The regular Iranic outcome of _*gʲt_ is _št _(palatovelars reflected as _š/ž_ before consonants + devoicing), cp. Avestan:
_vrz-_ → _-vršta-_ — cp. Gothic _waurkjan_ "to work" → _waurhts _(<_*ue̯rgʲ-_ — Reconstruction:Proto-Indo-European/werǵ- - Wiktionary);
_az-_ → _aštayaē·ča _(<_*hₐegʲ-_ — Reconstruction:Proto-Indo-European/h₂éǵeti - Wiktionary);
_yaoz- → yaošti-_ (<_*ı̯eugʲhₓ-_);
_yaz- → išta-~yašta-_ (<_*hₓı̯agʲ-_);
_rāz- → rāšta- _(_<*hₒregʲ- _— Reconstruction:Proto-Indo-European/h₃reǵ- - Wiktionary);
_harəz- → haršta-_ (_<*selgʲ- — _Reconstruction:Proto-Indo-European/selǵ- - Wiktionary).


----------



## fdb

inquisitiveness1 said:


> (btw, I am somewhat having difficulty finding the word _brazaiti_ in Old Persian...



That is because there is no such word. See no. 7.


----------



## CyrusSH

fdb said:


> That is because there is no such word. See no. 7.



The word _braz-_ exists in the inscription of Xerxes at Persepolis, of course it exists in Middle and Modern Persian too.


----------



## fdb

Do you mean OP brazmaniya-, Skt brahmaṇya- “reverent”?


----------



## CyrusSH

fdb said:


> Do you mean OP brazmaniya-, Skt brahmaṇya- “reverent”?

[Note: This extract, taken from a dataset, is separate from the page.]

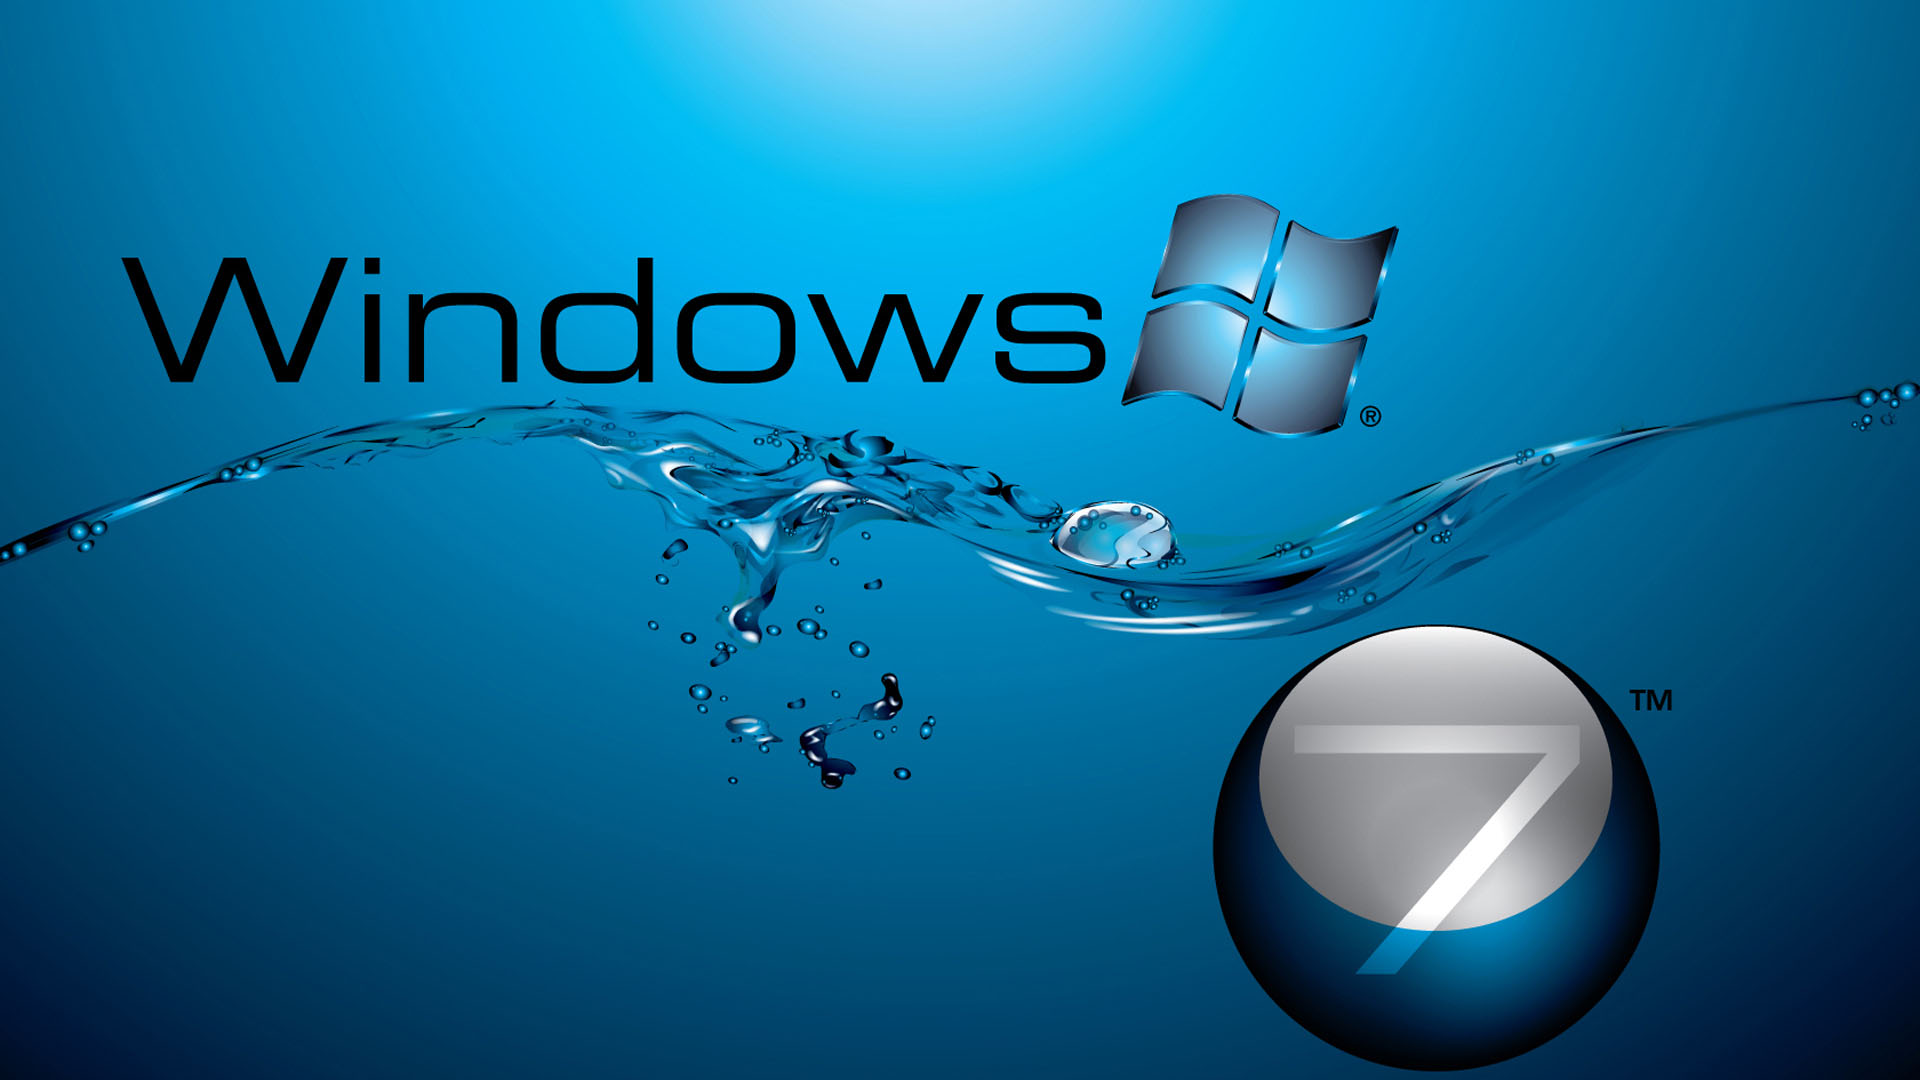 HD Wallpapers for Windows 7

"reverent"?!! It means "brilliant", Persian is not an extinct language.


----------



## berndf

CyrusSH said:


> Persian is not an extinct language.


Old Persian is. How do you derive _brazmaniya- = brilliant_?


----------



## CyrusSH

berndf said:


> Old Persian is. How do you derive _brazmaniya- = brilliant_?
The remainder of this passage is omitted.